Updated on September 5, 2017

Much of what a writer writes depends on the audience and the genre as well as the story itself. That includes the amount of dialogue and description prose. There is really no hard fast rule here. You just don’t want to go the extreme on either side. Dialogue is important, but you need to let the story dictate how much there is.

The Rough Draft

In the very rough draft, don’t worry about any of this. Just write. It’s when you go back that you need to focus on how much dialogue you have. Listen to your work.

The rough draft is just that...rough. Use it to get your ideas down and outline a plot. Get the basic actions down on paper, but don't worry about the dialogue...just yet. How much and what to add will come later. Add dialogue is you want. Make it just notes on what you want to be said even if you aren't sure how it will be said yet. That doesn't make a difference yet.

You dictate what your rough draft presents and then smooth it out as you go back over it. Now back to the dialogue...

Purpose of Dialogue

Dialogue is more than just spoken words. It is a tool that a writer can use to carry a scene, give background information, drop hints, or reveal more of a character's personality. Dialogue can do so much for a writer...more than just have people talking.

Speak, so that we may learn more about you. Speak, so that we may see deeper inside of you. Speak or remain silent to show us a whole different perspective.

How do you learn about people you just meet?
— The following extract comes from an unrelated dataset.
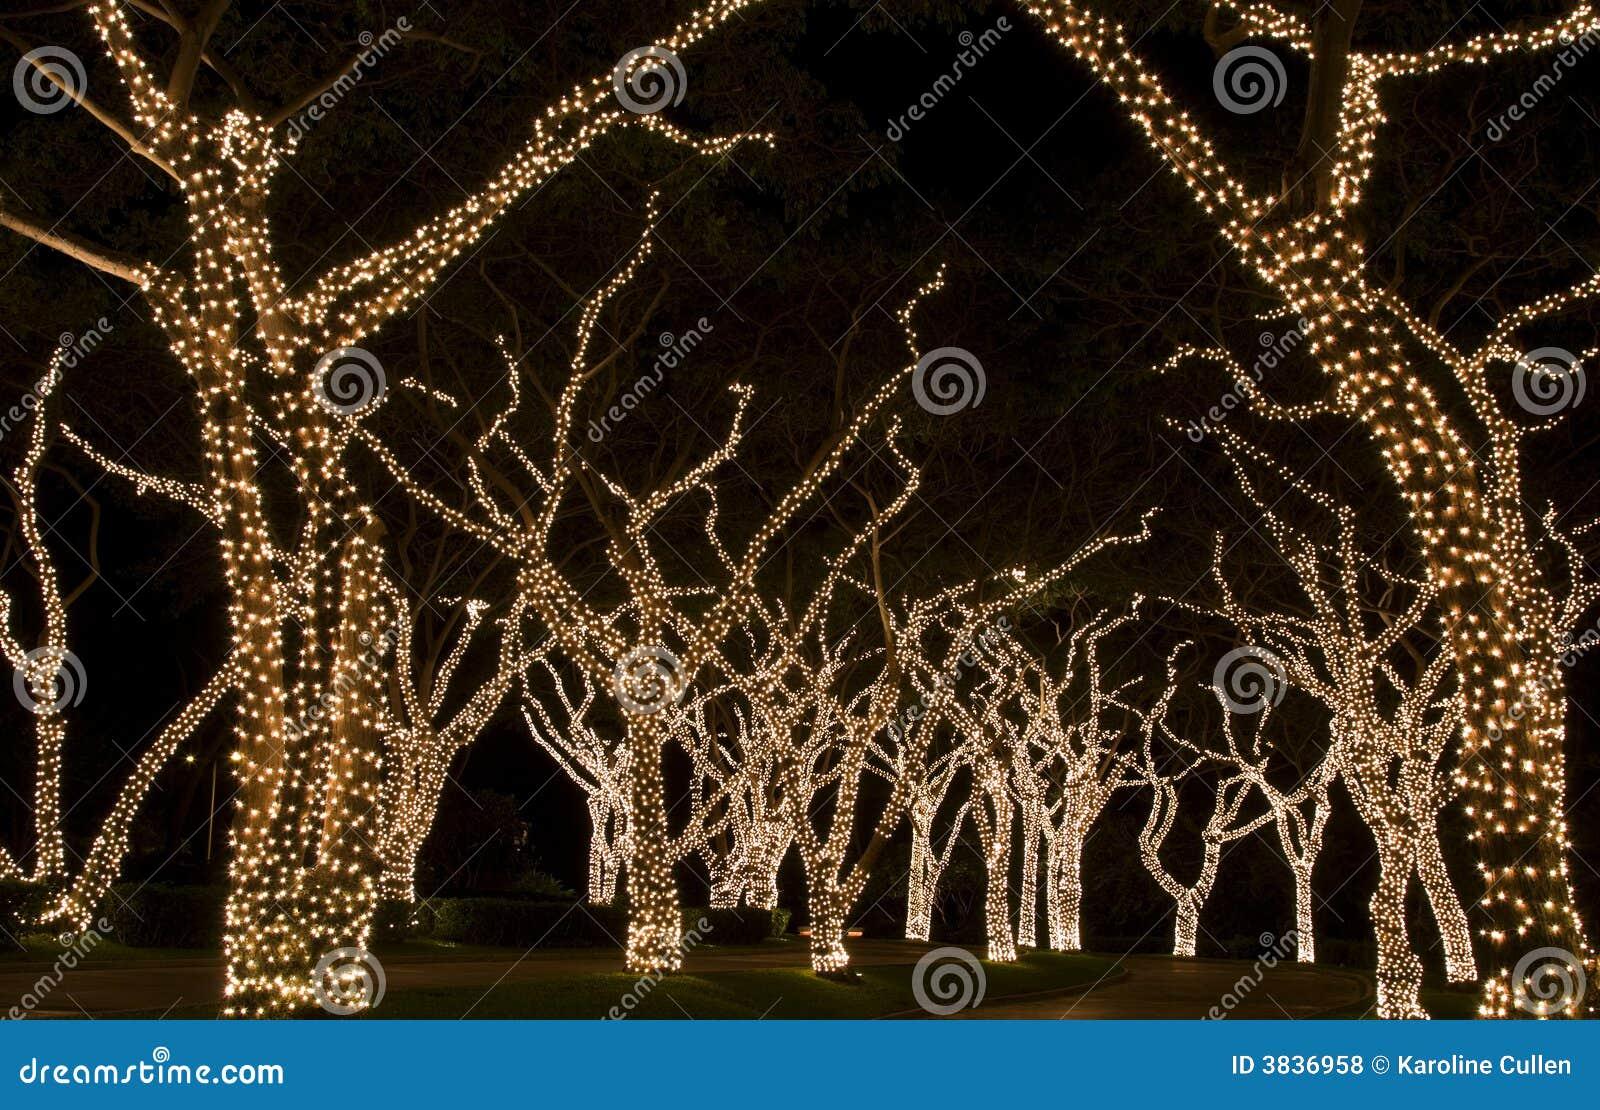 Festive Lights On Trees Royalty Free Stock Photos Image

You ask them questions and listen to them talk. Their words can tell you so much about their personality, their political stances, their religion, what they see as important, and how they view others. Let your characters do this when they need to talk. Let the dialogue show the reader who the characters really are in a scene where dialogue is important.

Words can carry so much weight which is why how they are used can make or break a story. They can either give it the vibrancy it needs, or the words can darken a story and weigh it down.

The Impact of Dialogue

There are some scenes in which dialogue could easily take away from the effect. Yes, dialogue could be the wrong tool to use in your writing in particular scenes. The scene you are writing might need to be completely descriptive with very little talking. Then again, maybe just a few words will enhance it. Or, this needs to be a scene heavy in dialgoue with small descriptions to explain the voices and the like.
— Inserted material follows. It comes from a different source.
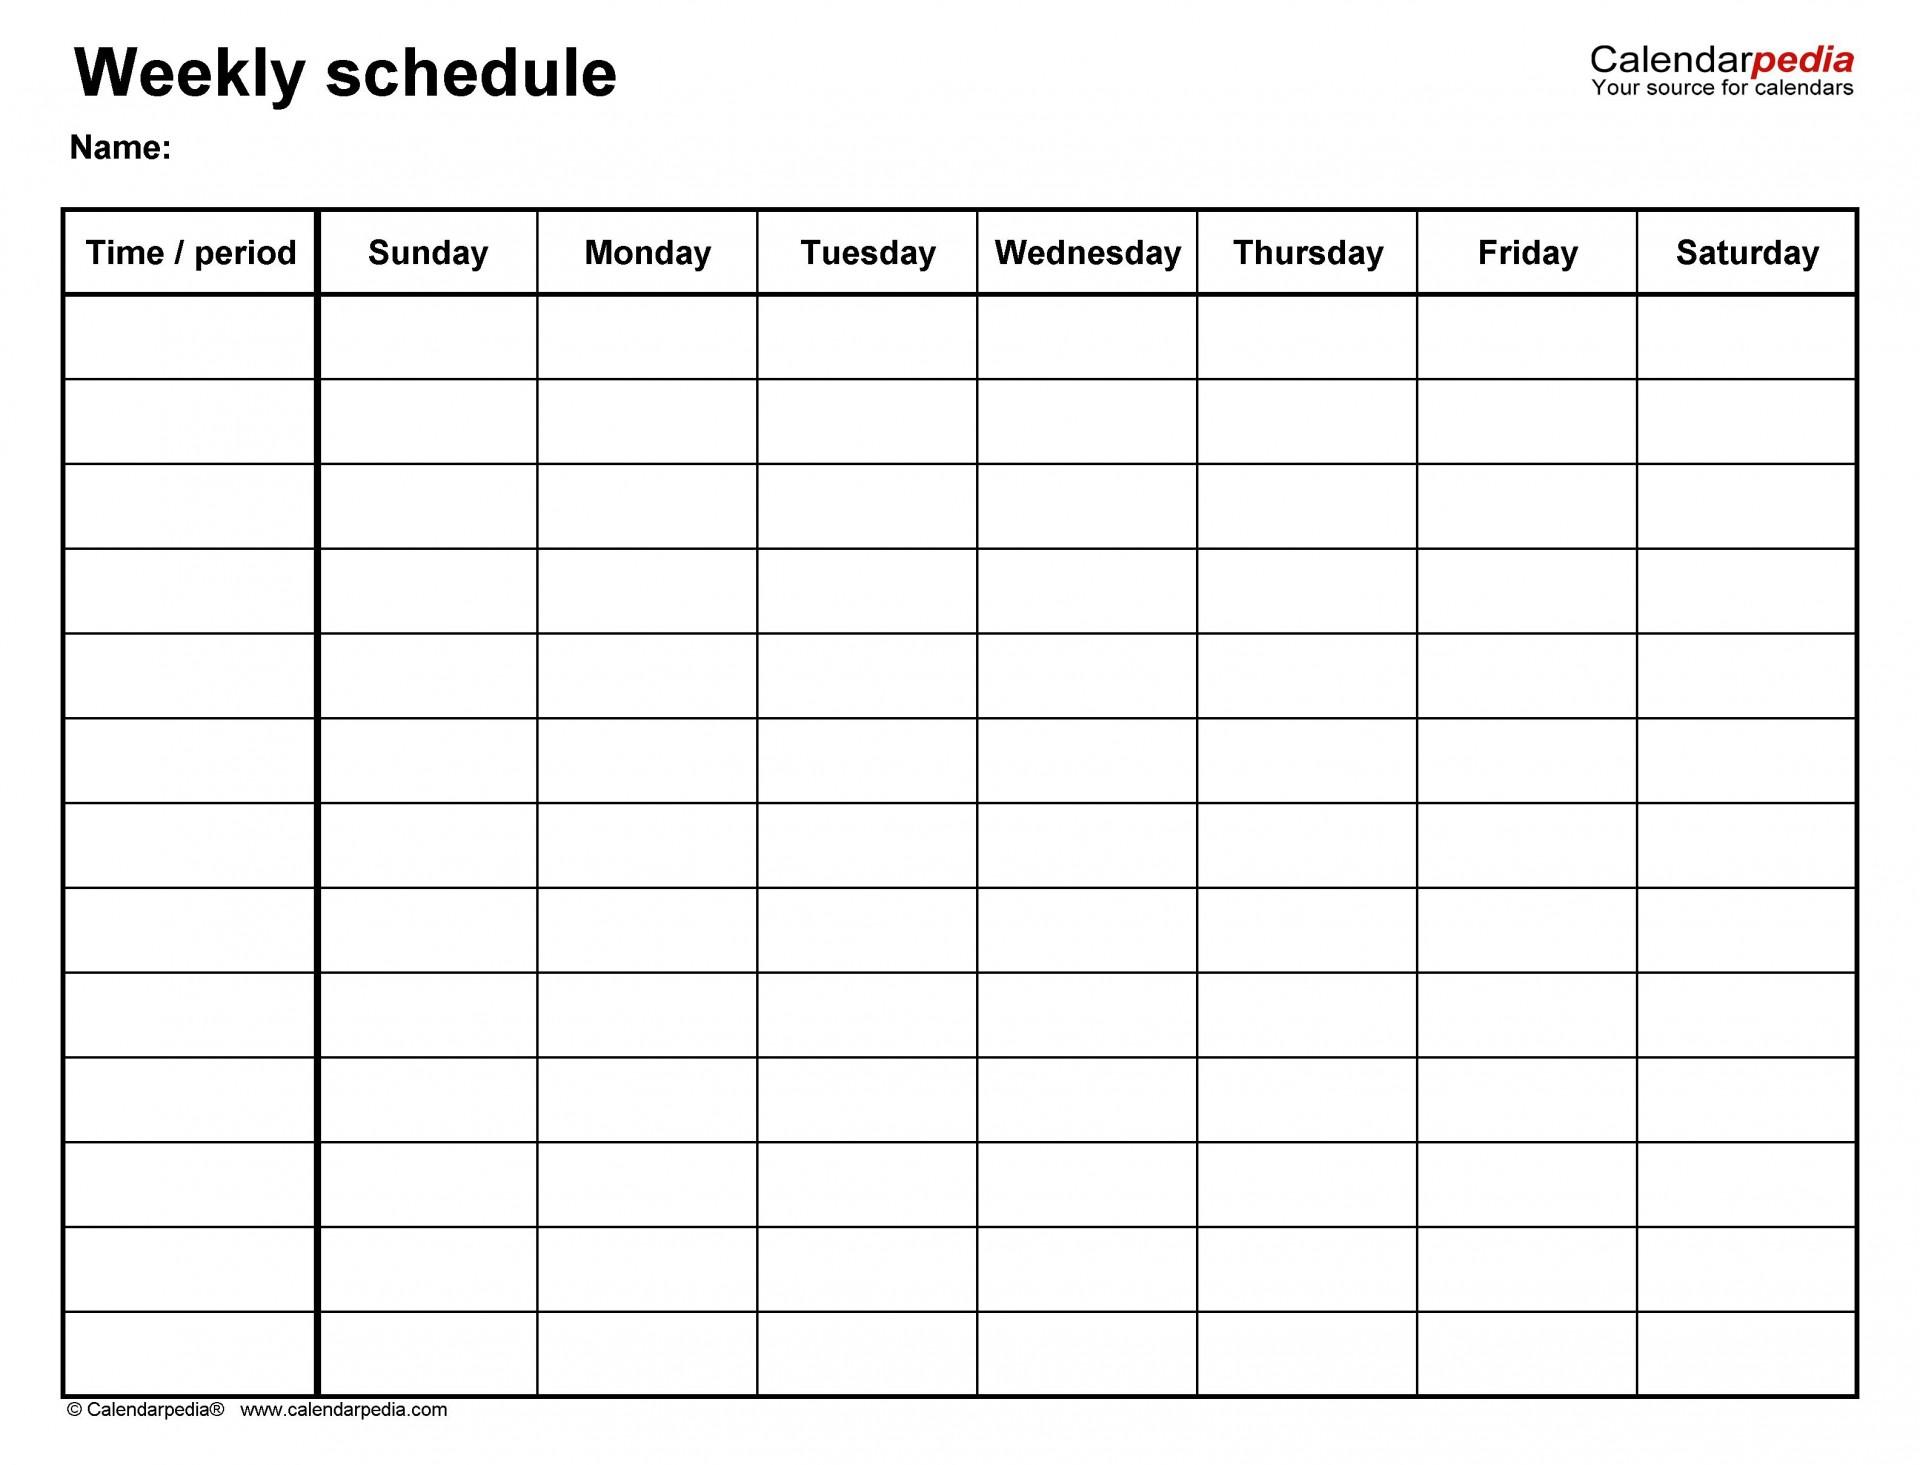 008 Unusual Weekly Schedule Template Word Inspiration  Work Microsoft Plan1920

Not every scene has to have a certain number of lines that are dialogue. It varies. If you have a scene where a girl is running through the woods, do you really need dialogue? You might want to put in a phrase here or there where she is speaking to herself out loud, but otherwise dialogue is not necessary. It is all about the description. Focus on the narrative to give that particular scene the impact it needs. But if two people are having a conversation, dialogue is a must. Description might need to be kept small. Let the words reveal what you want shown in that particular scene.
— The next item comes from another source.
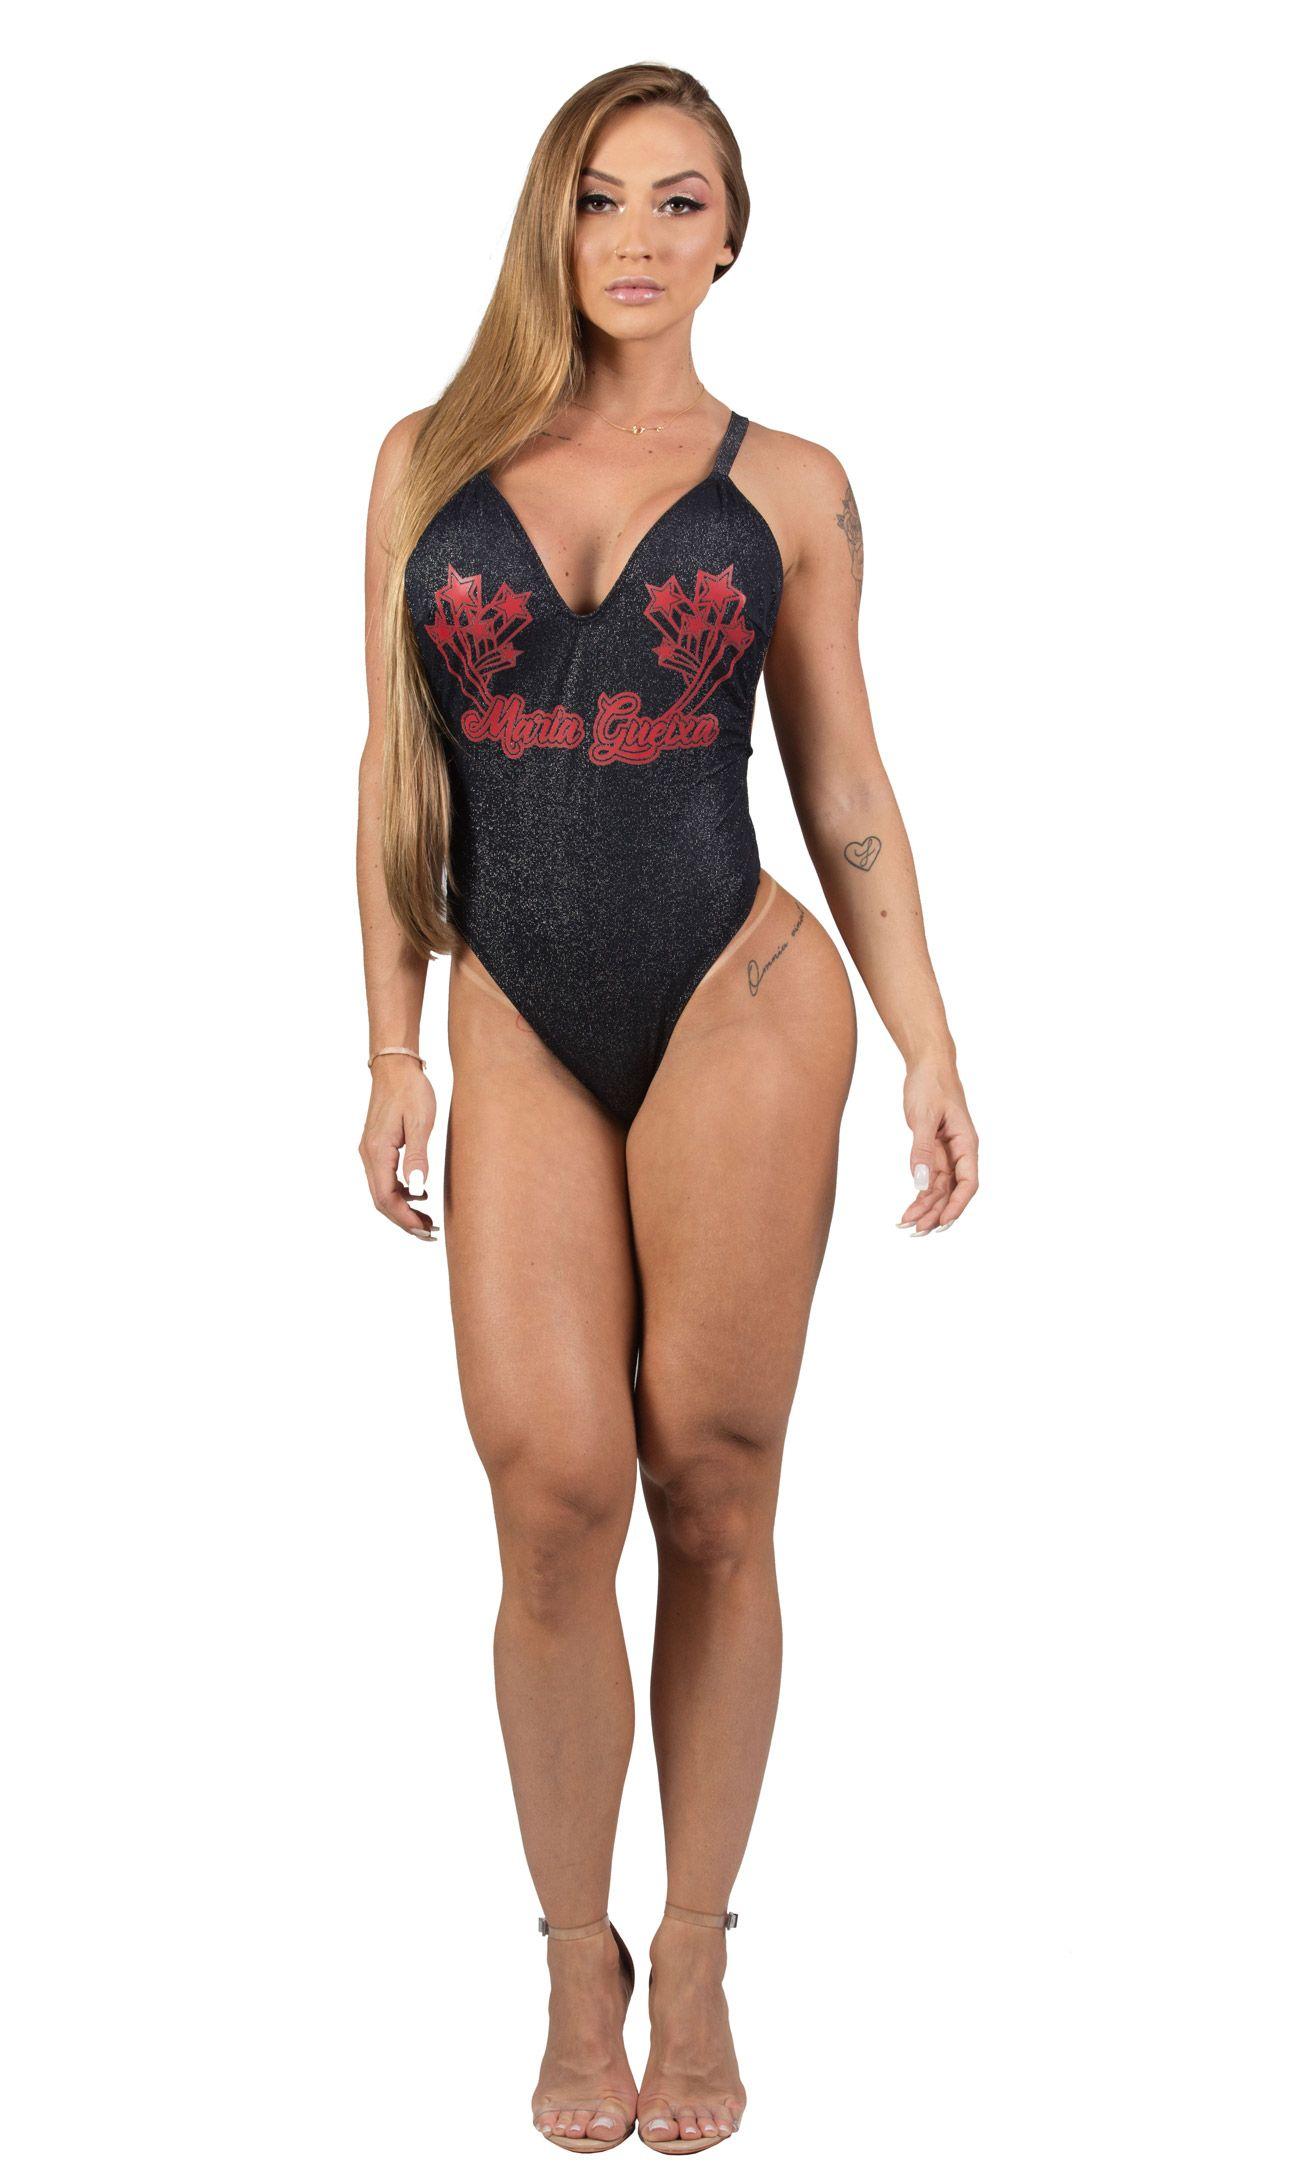 Maria Gueixa Lurex One-Piece Swimsuit Black

Read your scene out loud. Go back and add a few pieces of dialogue. Read it out loud again. Does it sound better or worse? Maybe you feel that there is already too little dialogue. Cut some out or condense and see how it sounds. Don't think you have to have a certain amount of dialogue. See what your story tells you must be present.

Have other people read your scene. Now, keep in mind that there are as many types of readers as there are writers and books. You could ask ten people to read your scene and get ten totally different responses as to the amount of dialogue. Go with the ones that tend to understand what you are trying to get across to the reader. Avoid the highly critical people.

And listen to the characters. They will tell you sometimes that they just have to say certain things. It’s up to you to deliver their speech.